ABSTRACT
A total of 15 fungal isolates were obtained from oil-contaminated sites near the Red Sea in the Yanbu region. Based on the preliminary DCPIP (2,6-dichlorophenolindophenol) assay, three isolates showed promising oil degrading ability. The next-generation sequencing of the ITS-I and ITS-II internal transcribed spacer regions assigned the isolates to Aspergillus and Penicillium. Among these three strains, Y2 (Aspergillus oryzae) was the most efficient, degrading about 99% of the crude oil. The degradation rates were corroborated using spectrophotometric and gas chromatography–mass spectrometry analyses after two weeks of cultivation in Bushnell–Haas medium.
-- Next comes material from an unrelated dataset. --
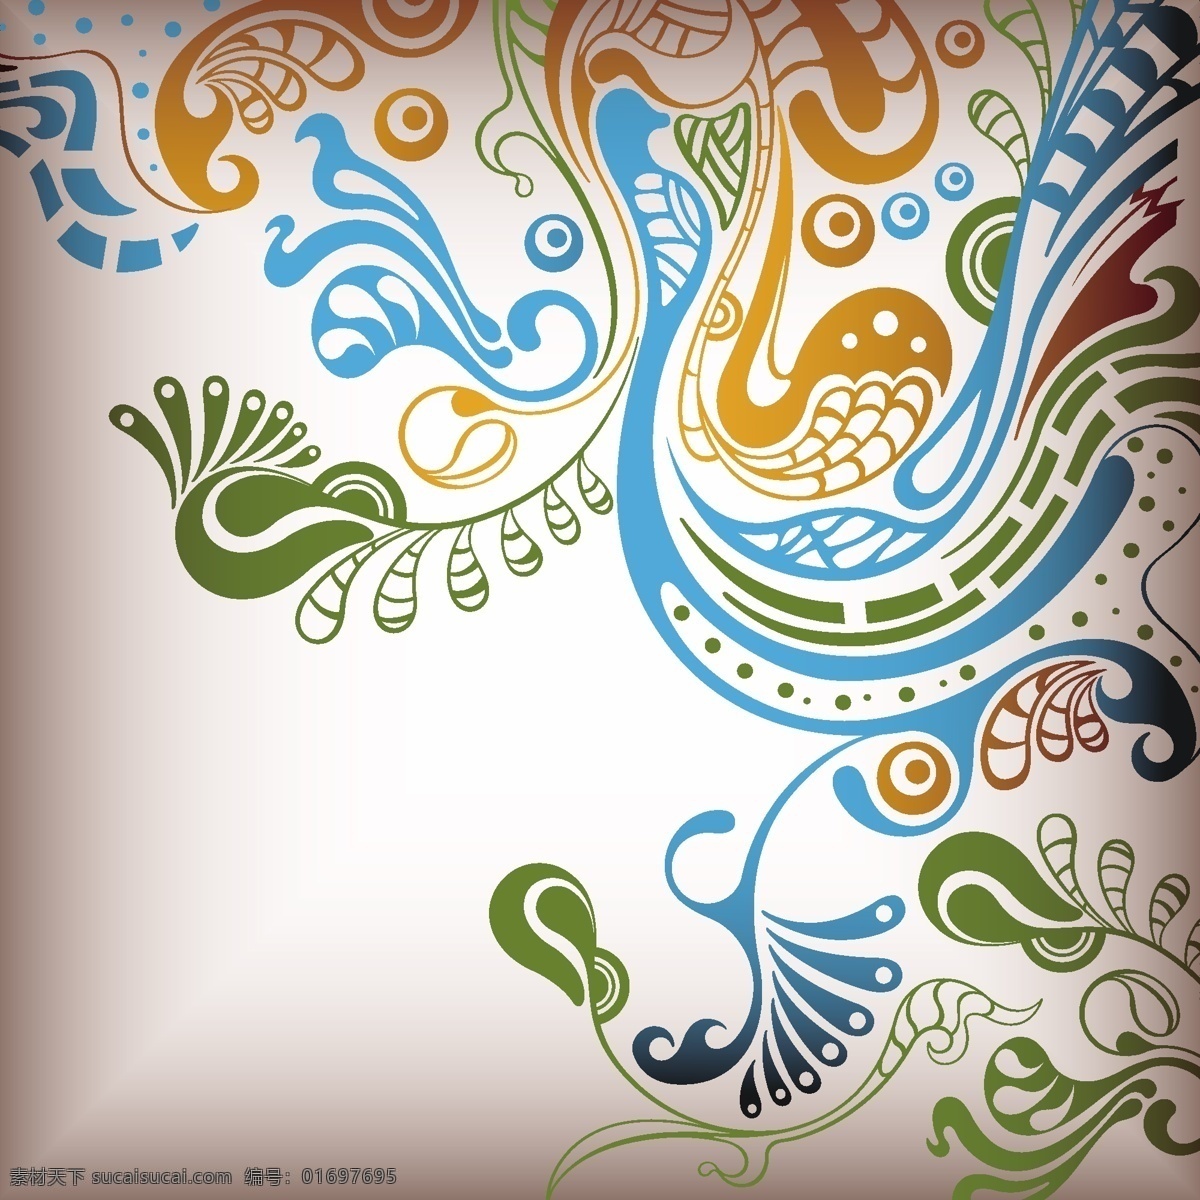 凤凰 花纹 矢量 孔雀 背景 古典 中国风 矢量素材 花纹花边 底纹边框

All the three strains proved to be potent oil-degrading strains and, hence, can be utilized to degrade oil contaminants.
Introduction
Saudi Arabia, with nearly a quarter of the world's oil reserves, is the largest oil producer and exporter. Oil around the world is transported via pipelines, road, ships and rail, posing great danger to the environment in case of spills. This necessitates the need for developing techniques that are eco-friendly to clean up oil spills. One such method is the use of biological agents due to its efficiency and cost-effectiveness, compared to physico-chemical methods [Citation1].
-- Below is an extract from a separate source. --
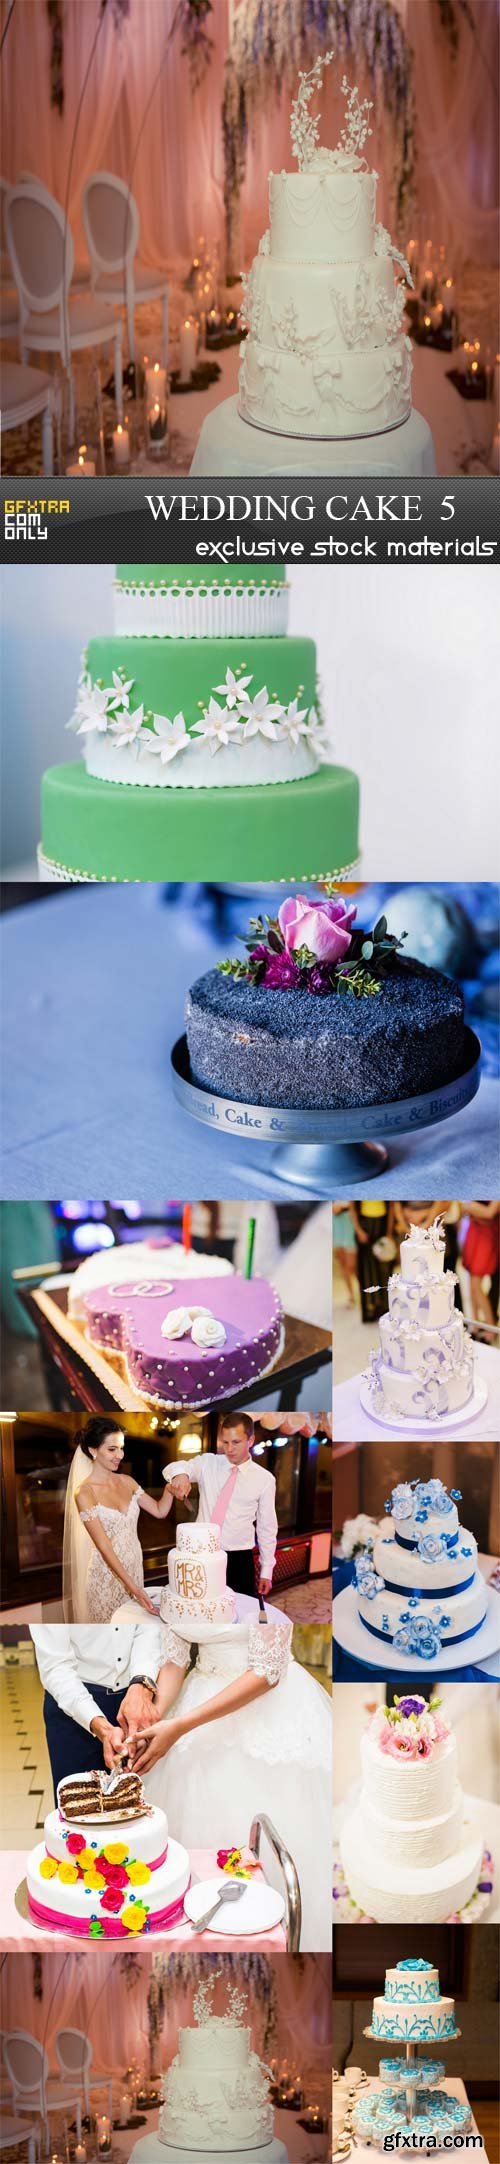 Wedding cake 5,10 UHQ JPEG

Crude oil consists of naturally occurring hydrocarbons that are considered environmental pollutants. Its recalcitrance and abundance has been reported in most polluted sites. The degradability of individual hydrocarbon components is influenced by the quality of the hydrocarbon content present in the crude oil. Oil containing large amounts of high-molecular-weight compounds is difficult to degrade biologically because of the complexity of their structure [Citation2]. The chemical composition of oil influences the growth of microbial populations. Microbes that use hydrocarbons as a source of energy thrive under high temperature and salinity conditions [Citation3]. Fungi are known to play a significant role in eliminating hazardous compounds from soil and water contaminated with oil spills, as they inhabit such substrates and utilize hydrocarbons as a source of carbon.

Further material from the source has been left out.